Tres Trapi, whose name means "three steps" in Papiamento, is a small rocky cove cut into the limestone coast between Malmok Beach and Boca Catalina on Aruba's northwest shore. It is not a beach in the postcard sense. It is a working snorkel spot, and it is one of the most reliable places on the island to see wild sea turtles without paying for a boat tour.
What "Tres Trapi" Actually Means for Your Entry
The name is the warning. Access to the water runs through a short staircase of steps carved directly into the coral rock. The steps are uneven and can be slippery, especially if you arrive after a tour group has been splashing through. Water shoes or rubber-soled fins are not optional here, they are the difference between an easy entry and a scraped shin.

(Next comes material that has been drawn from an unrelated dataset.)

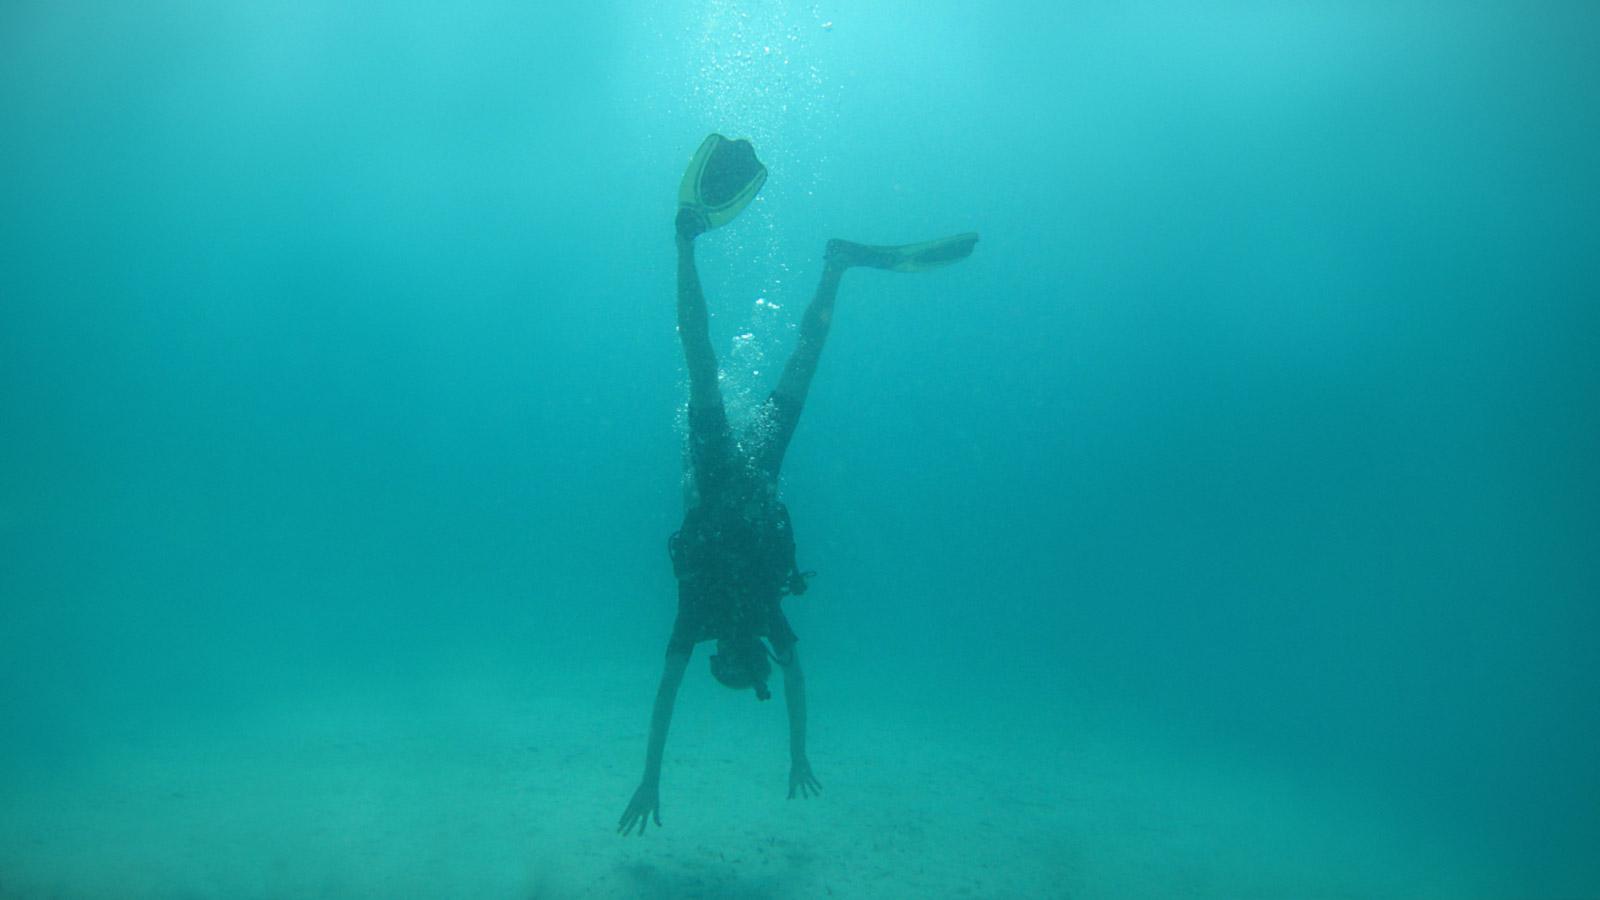 Christian macht Handstand unter Wasser

At the base of the steps there is a small sandy pocket where you can pull on your mask and fins before pushing off. The bottom starts sandy and shallow, roughly waist-deep for the first twenty to thirty meters. Do not stop here expecting to see much. Keep going.
Where to Park and How to Find the Spot
Tres Trapi sits at approximately L.G. Smith Boulevard 105, Noord. Drive north out of Palm Beach along the coastal boulevard past Malmok Beach. The cove is on your right before you reach Boca Catalina. Look for a free dirt parking area directly beside the water. There are additional parallel spots on the opposite side of the road. The single thatch-roofed umbrella near the steps is usually visible from the road.
From Palm Beach hotels the drive takes roughly five to ten minutes. From Oranjestad, allow fifteen to twenty minutes. Arubus stops at both Malmok Beach and Boca Catalina if you are traveling without a car. Renting one gives you the flexibility to arrive before the tour boats, which matters more than you might think. Check /book for car rental and transfer options.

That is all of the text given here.